DATA FOR THIS EXERCISE:
##############################

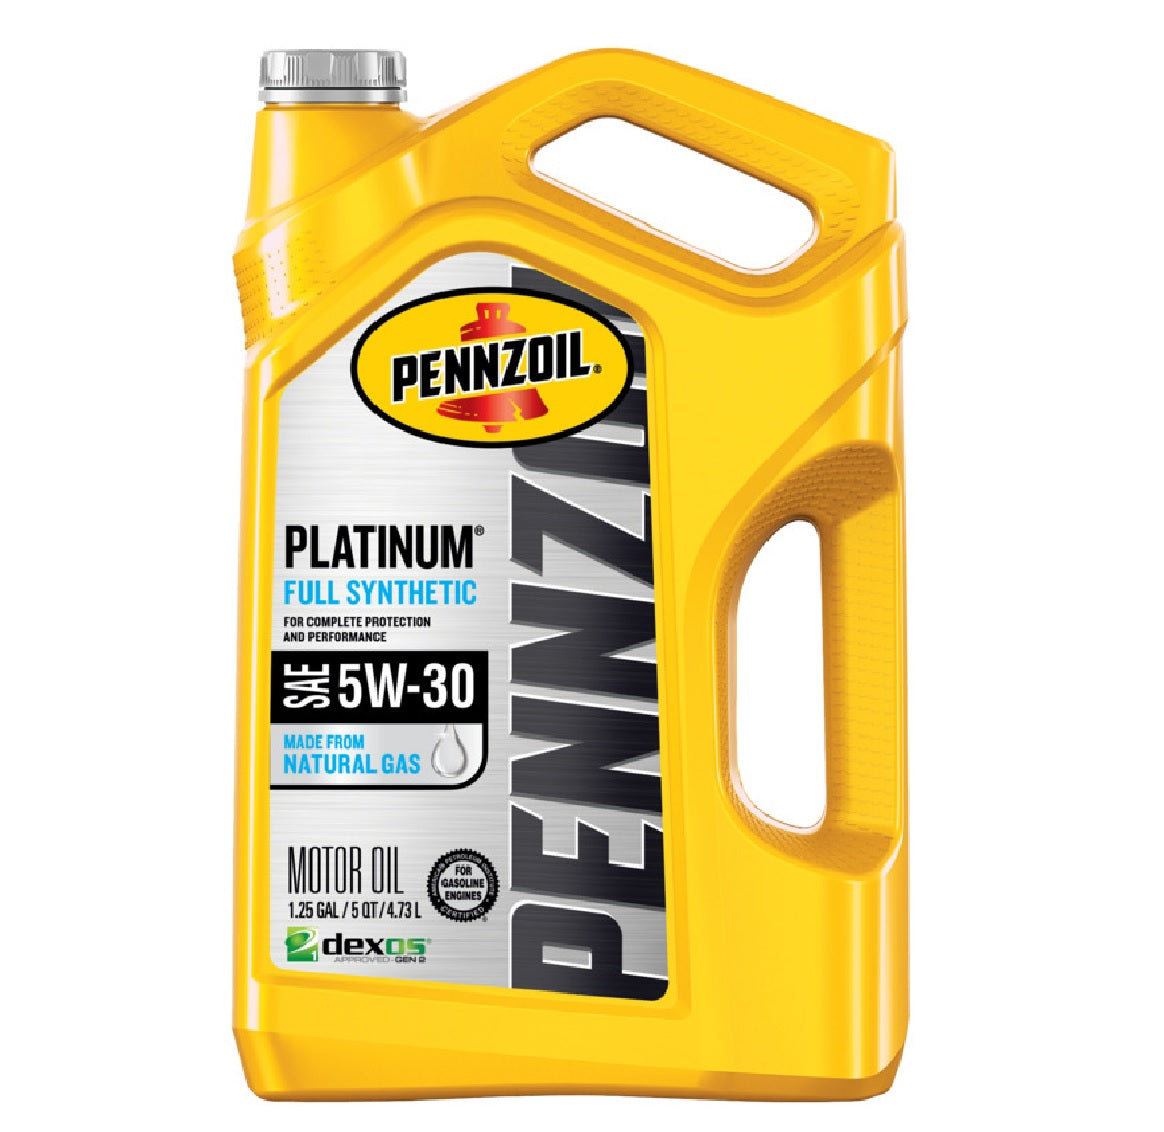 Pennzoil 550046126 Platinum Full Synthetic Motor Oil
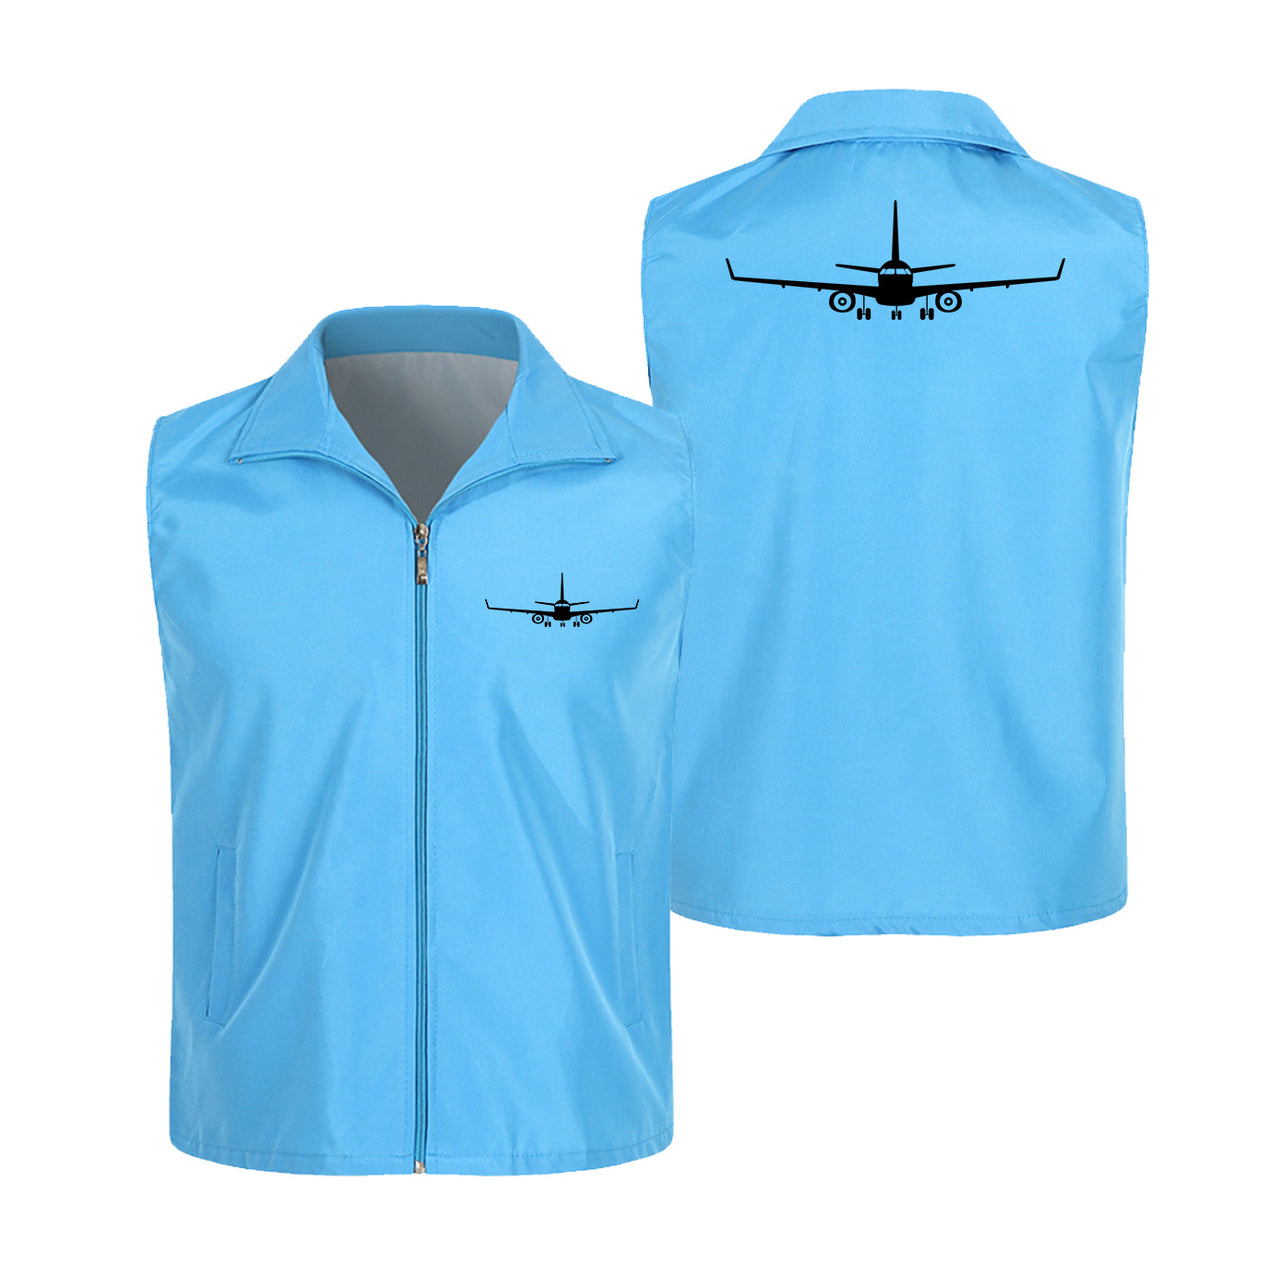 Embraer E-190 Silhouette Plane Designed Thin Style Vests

##############################

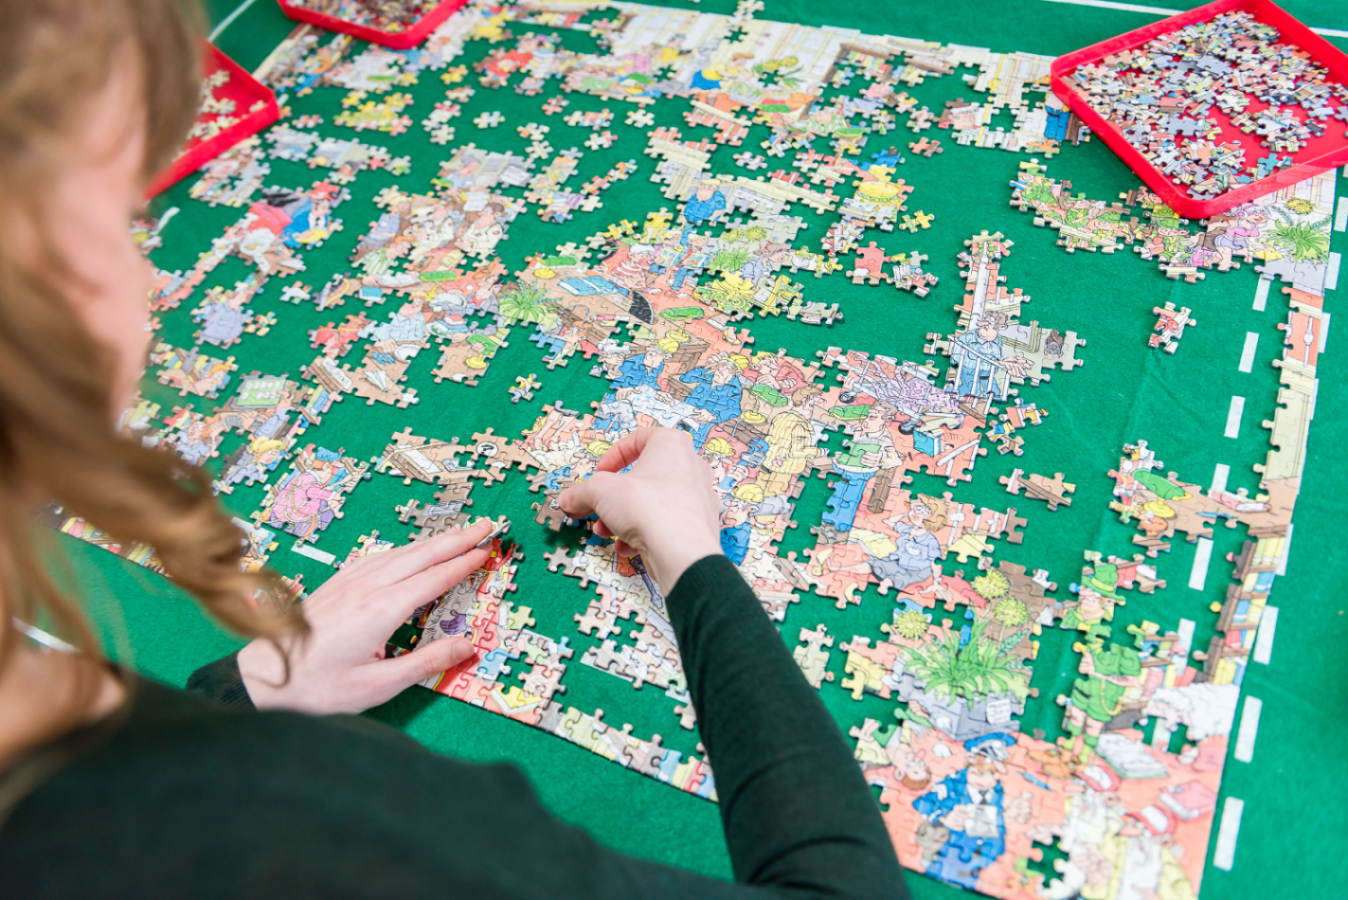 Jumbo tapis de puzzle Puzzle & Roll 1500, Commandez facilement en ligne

##############################

WHAT THE TASK REQUIRES: Within the listing above, write out the stretch from the line with "Pennzoil 550046126 Platinum" through the line with "Embraer E-190 Silhouette" exactly. Any pictures are to be left out.

RESULT:
 Pennzoil 550046126 Platinum Full Synthetic Motor Oil
 Embraer E-190 Silhouette Plane Designed Thin Style Vests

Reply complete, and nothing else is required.